--- Recorded information ---
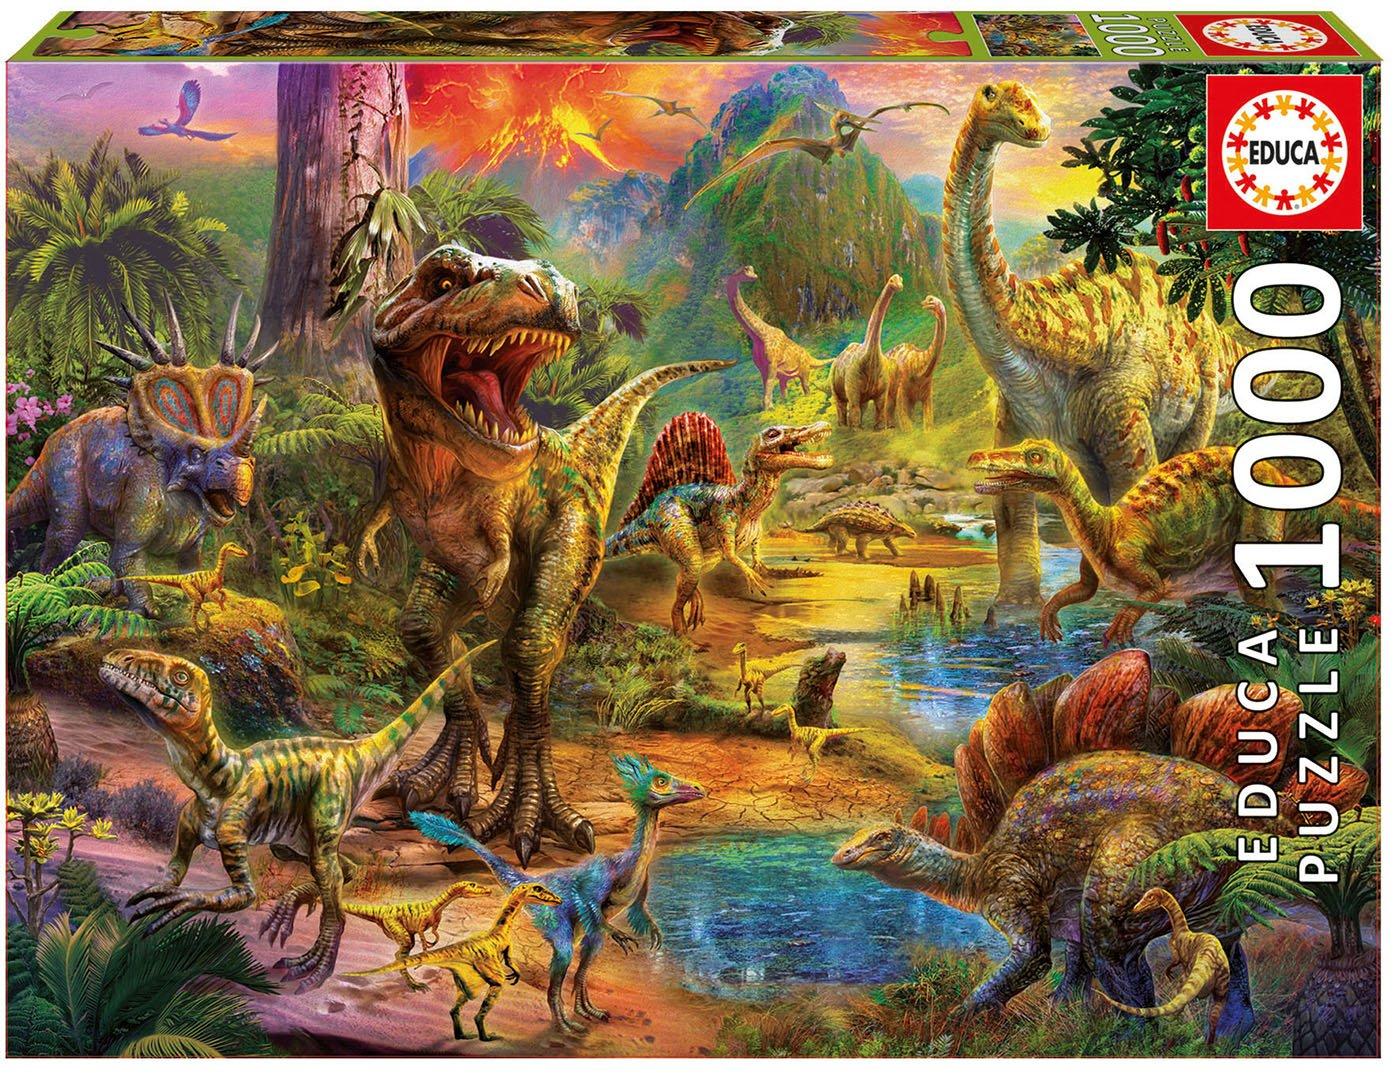 Educa 1000 Pc Land Land of Educa B0793LNB46 Dinosaurs Puzzle B0793LNB46, イケベ楽器楽天ショップ:d7802afc --- ero-shop-kupidon.ru
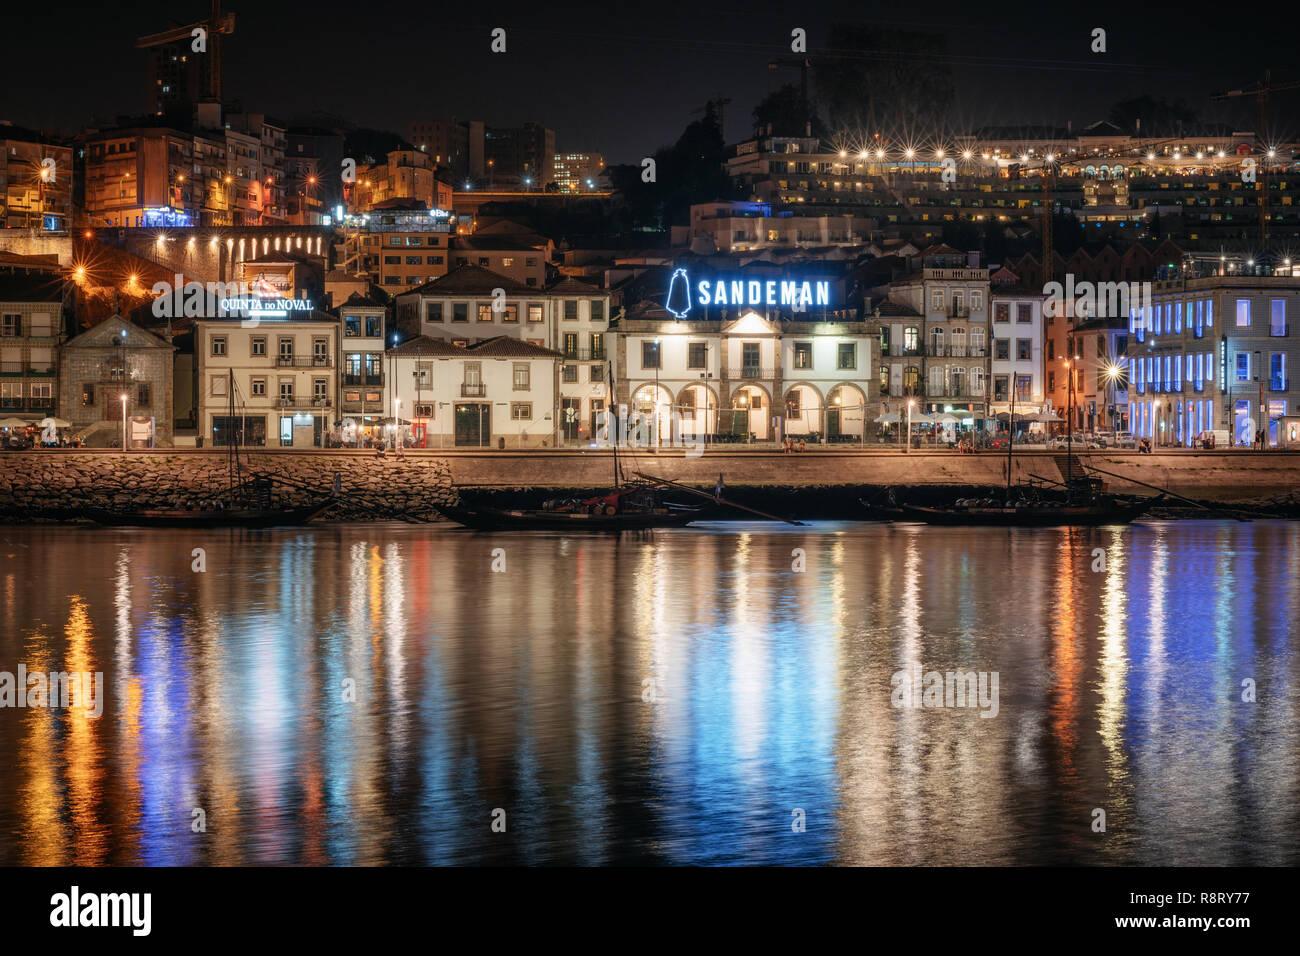 Vila Nova de Gaia, Porto, Lisbon - September 27, 2018: Panoramic view of Douro river embankment and Vila Nova de Gaia with House of Sandeman from the  - Stock Image
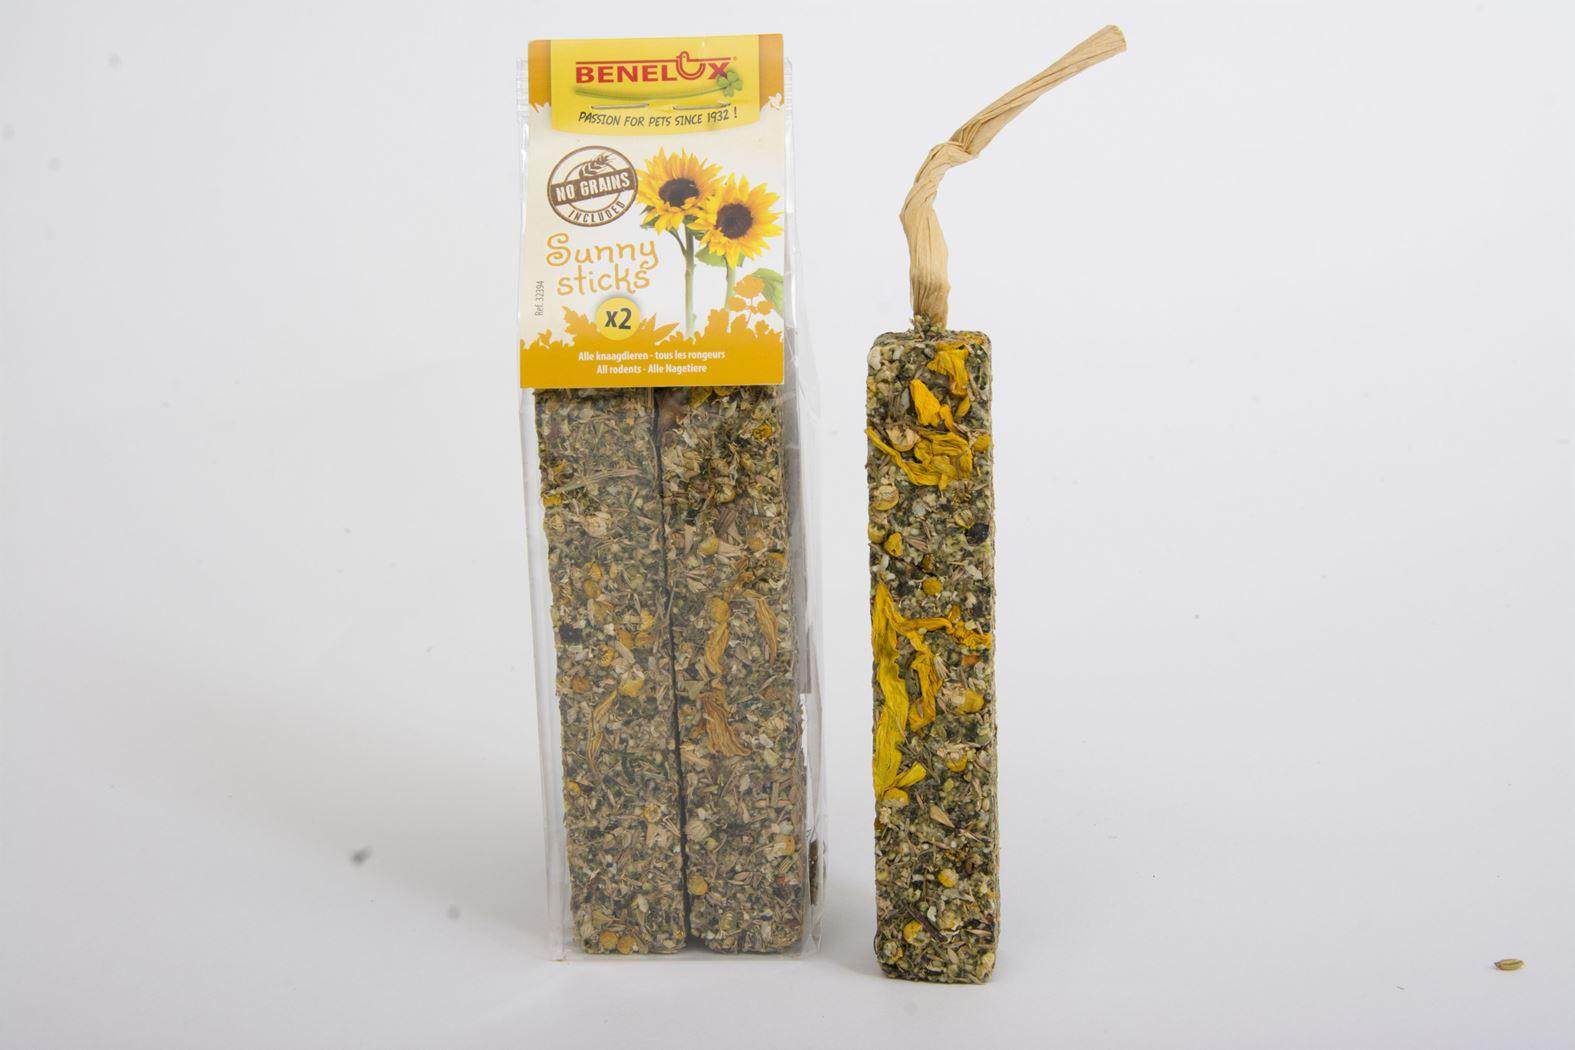 benelux sticks sunny grain free (2sts)
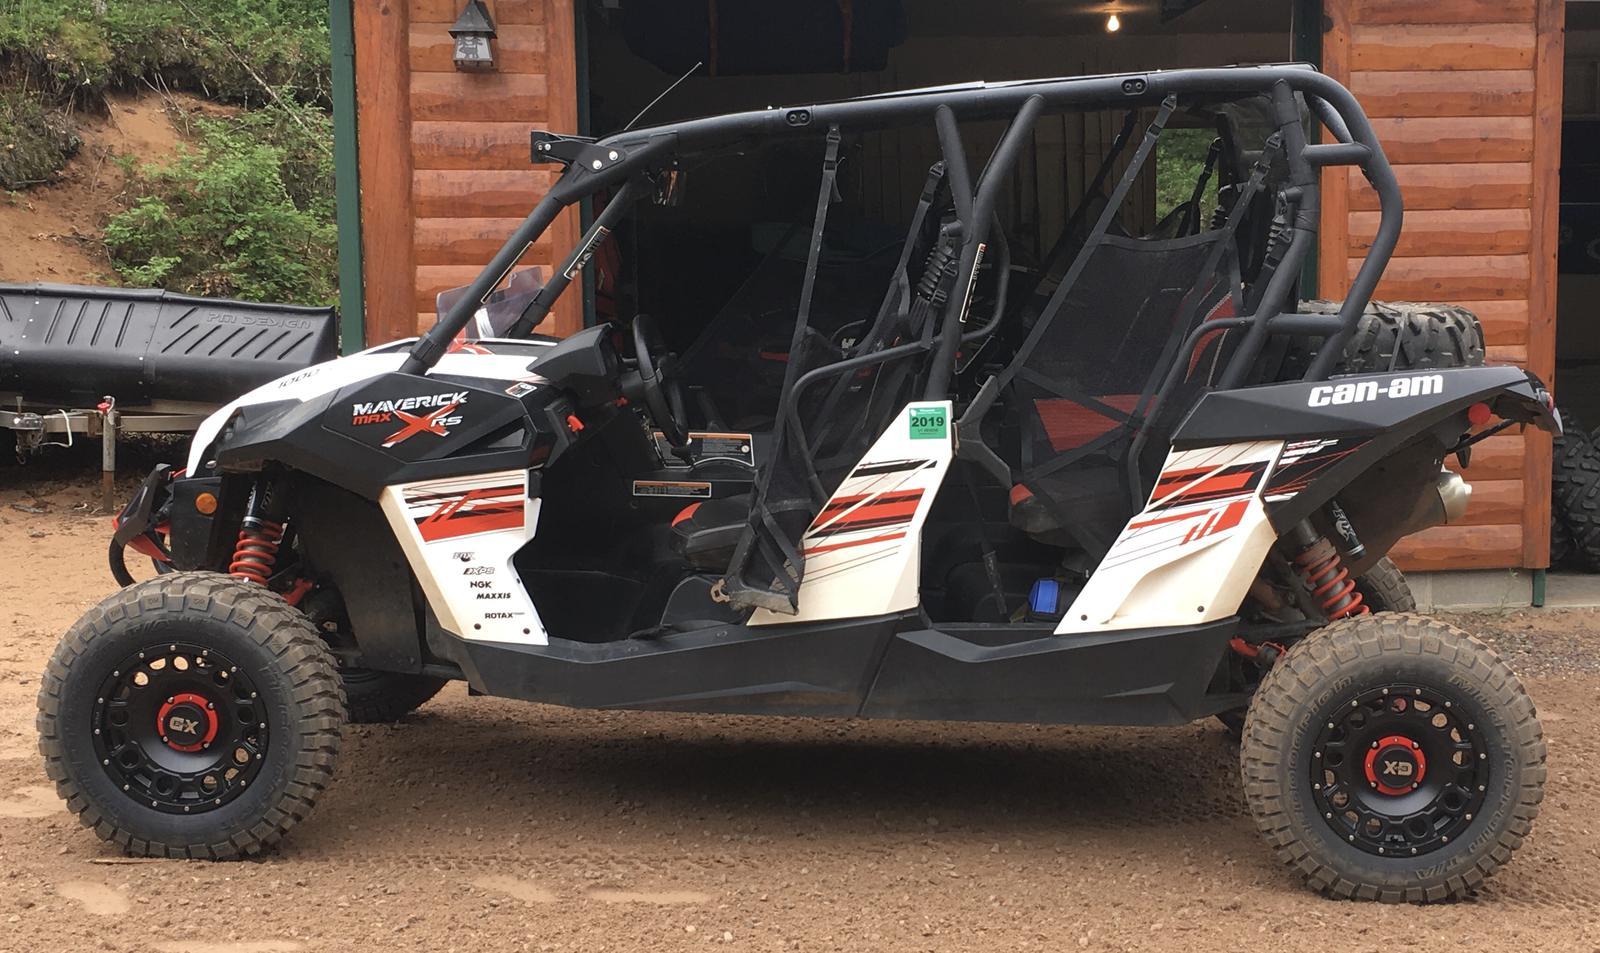 ATV & Side x Sides TIRES PLUS Willmar MN 320 222 8473
---
*Problem to solve*. Give back the whole listing exactly as written. Do not include any picture.

*Answer*.
 Educa 1000 Pc Land Land of Educa B0793LNB46 Dinosaurs Puzzle B0793LNB46, イケベ楽器楽天ショップ:d7802afc --- ero-shop-kupidon.ru
 Vila Nova de Gaia, Porto, Lisbon - September 27, 2018: Panoramic view of Douro river embankment and Vila Nova de Gaia with House of Sandeman from the  - Stock Image
 benelux sticks sunny grain free (2sts)
 ATV & Side x Sides TIRES PLUS Willmar MN 320 222 8473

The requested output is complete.